** Opening Dataset extract block **
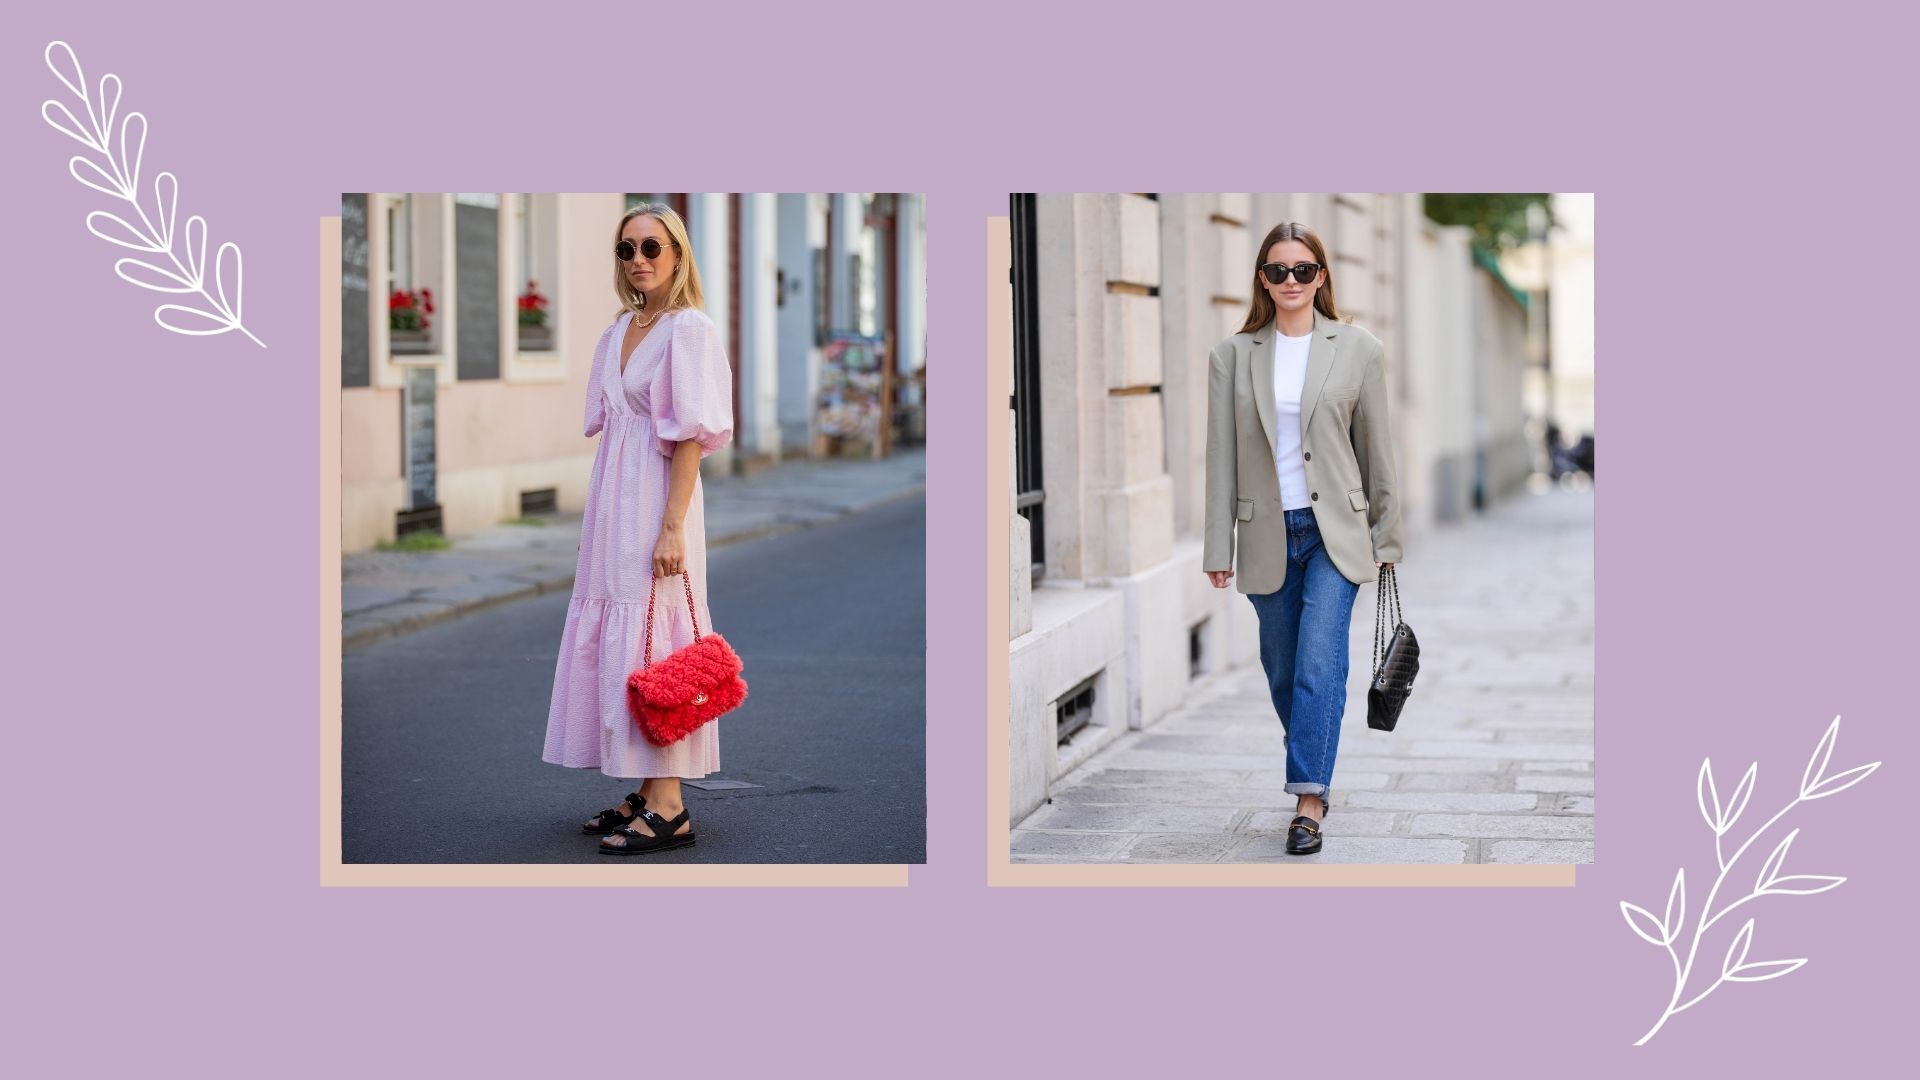 How to Take An Outfit From Day to Date Night - The Lane to Fashion
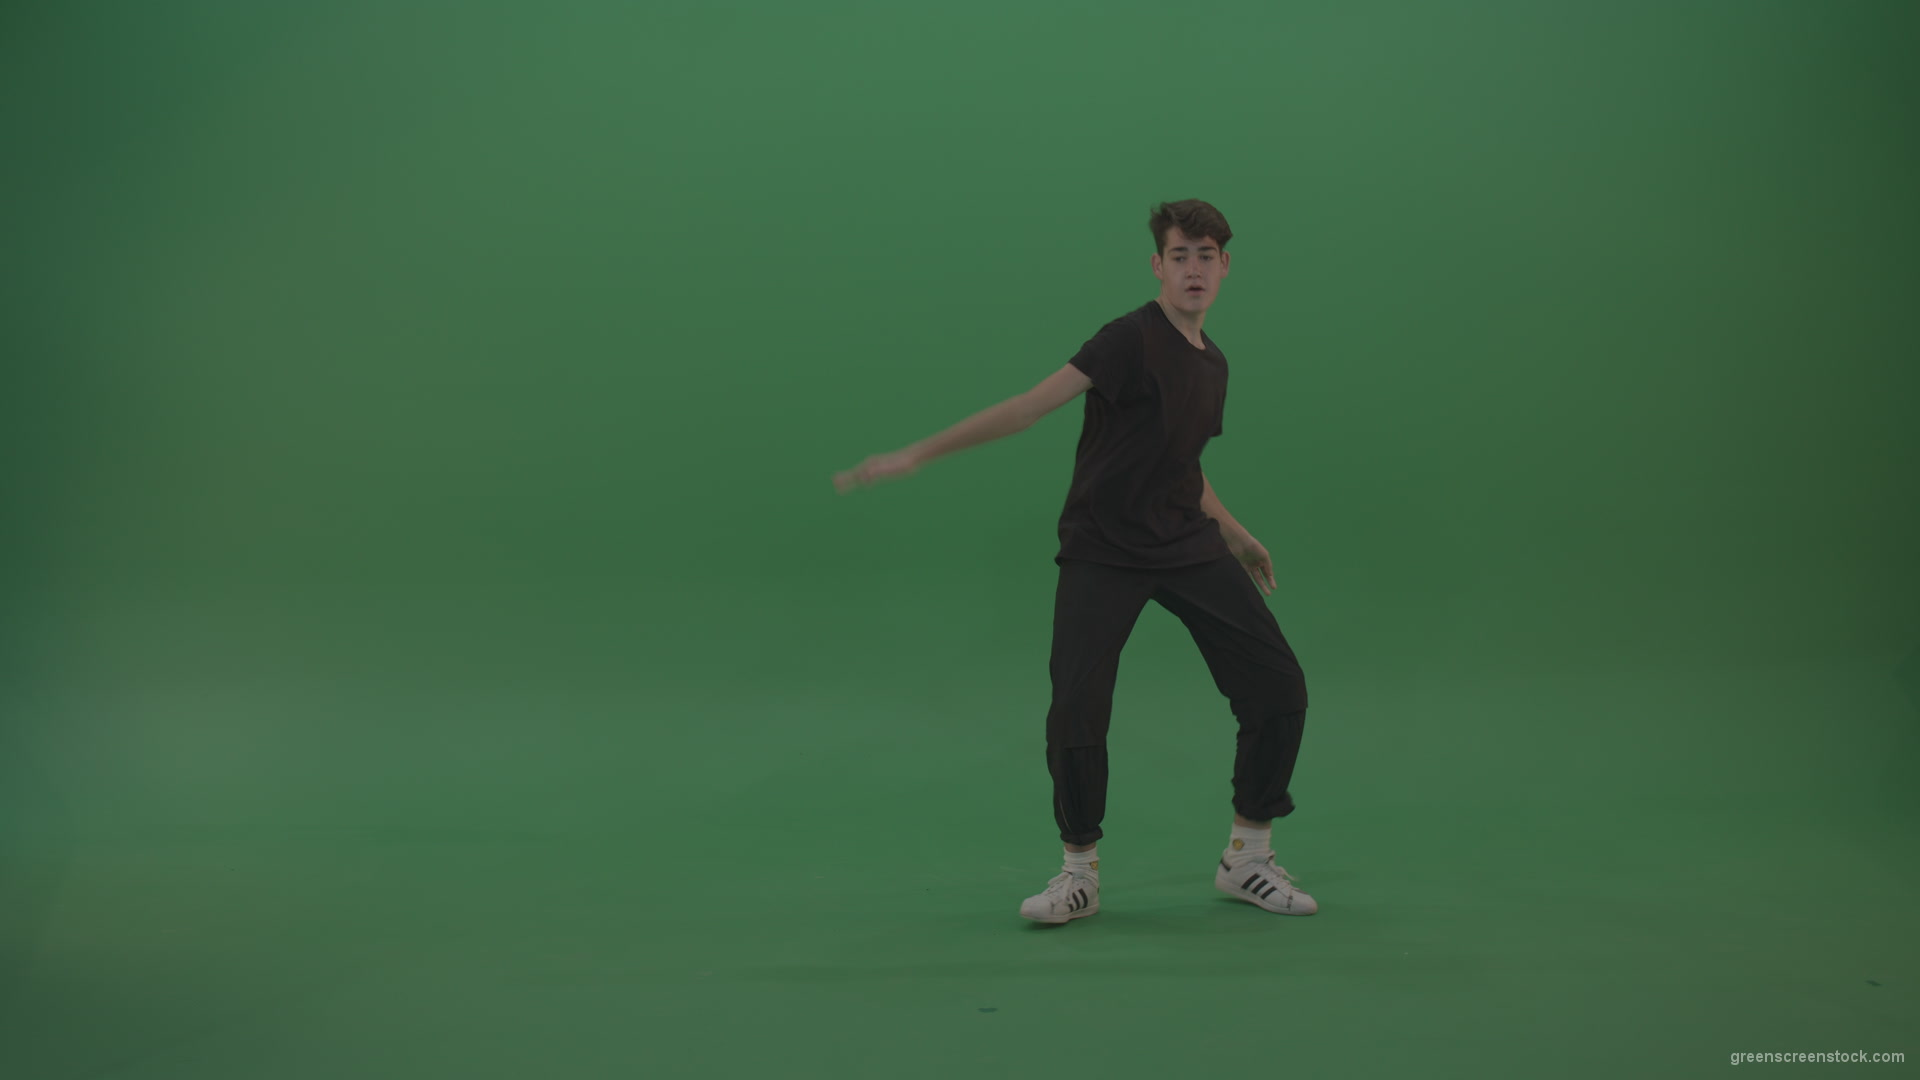 Young_Brunette_Boy_Showing_Awesome_Hip_Hop_Dance_Technical_Skills_With_Robot_Tought_Moves_On_Green_Screen_Chroma_Key_Background_006 Green Screen Stock
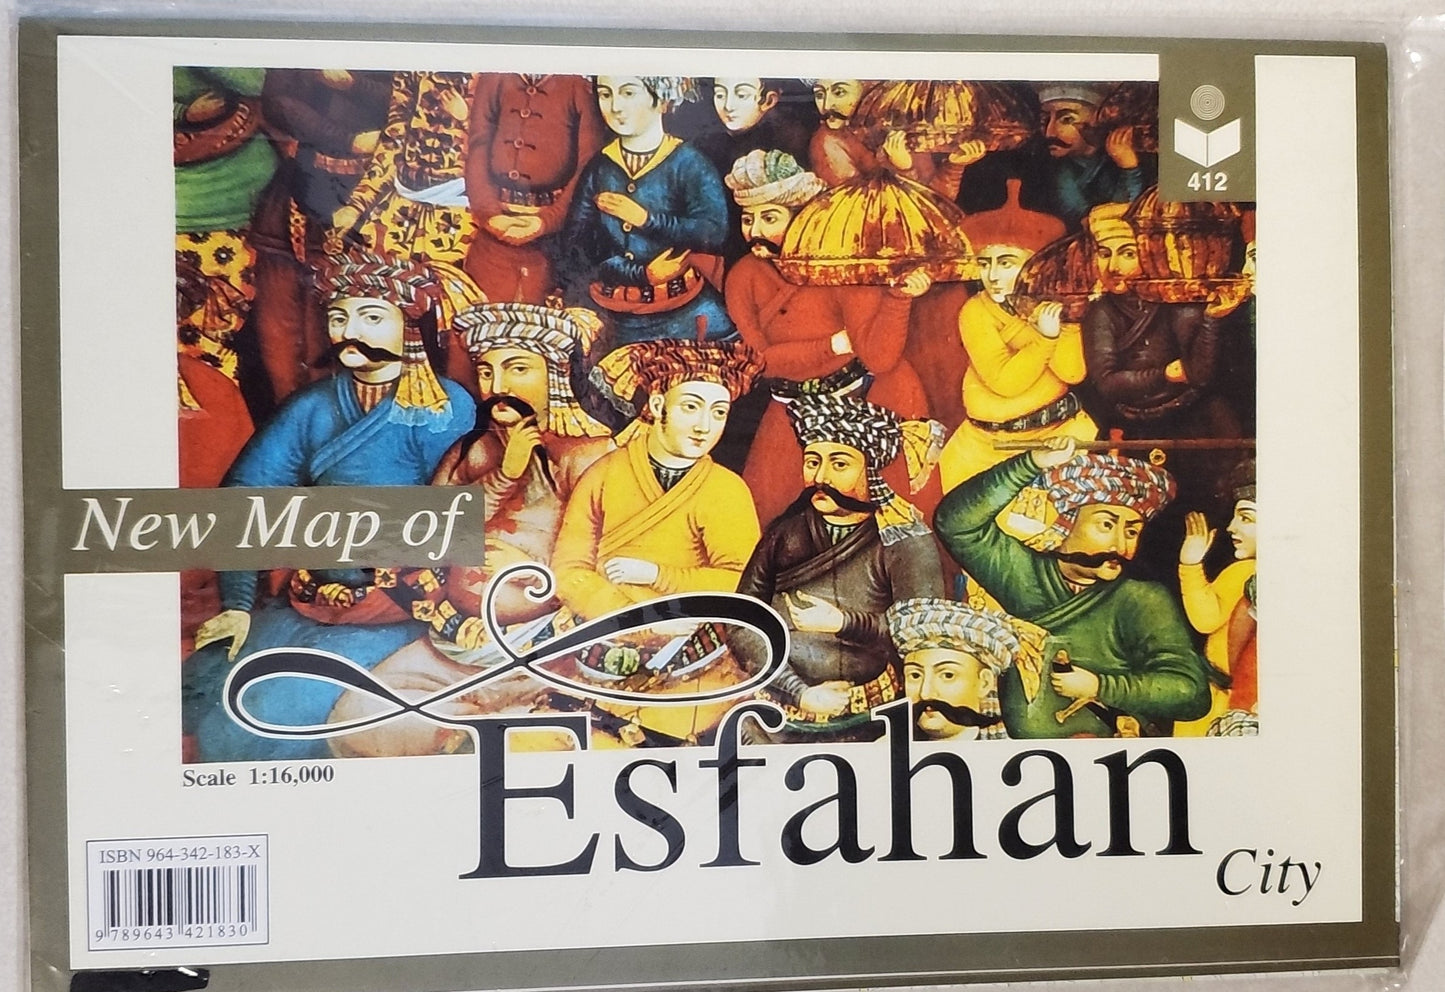 New map of Esfahan city
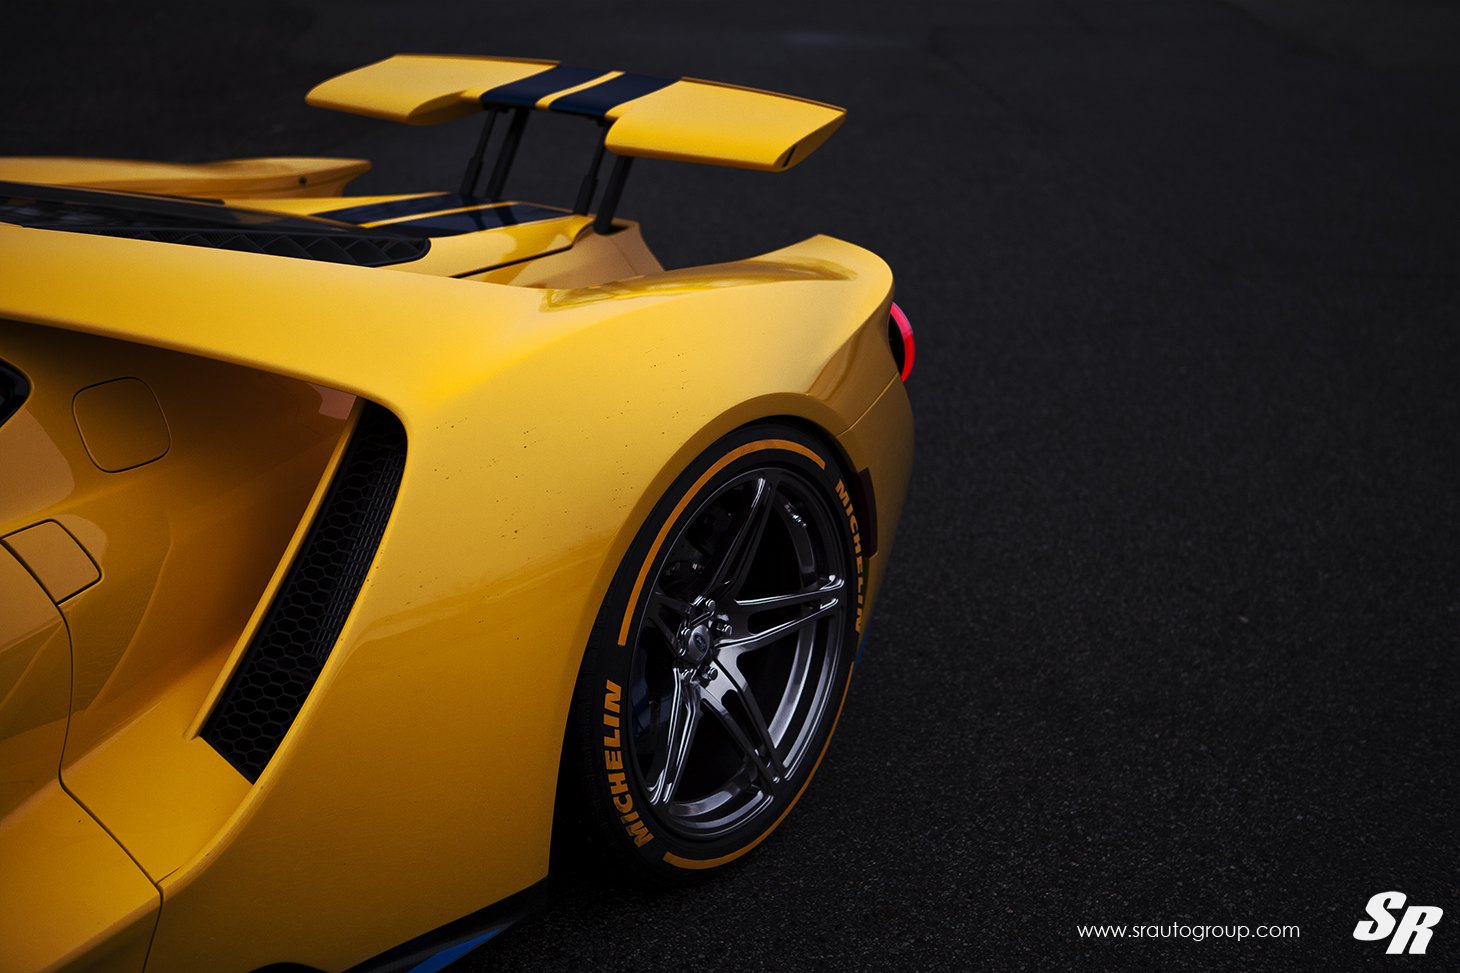 Aftermarket Side Scoops on Yellow Ford GT - Photo by SR Auto Group
** Closing Dataset extract block **
### Activity
Reproduce the listing word for word and omit its pictures.

### Task response
 How to Take An Outfit From Day to Date Night - The Lane to Fashion
 Young_Brunette_Boy_Showing_Awesome_Hip_Hop_Dance_Technical_Skills_With_Robot_Tought_Moves_On_Green_Screen_Chroma_Key_Background_006 Green Screen Stock
 New map of Esfahan city
 Aftermarket Side Scoops on Yellow Ford GT - Photo by SR Auto Group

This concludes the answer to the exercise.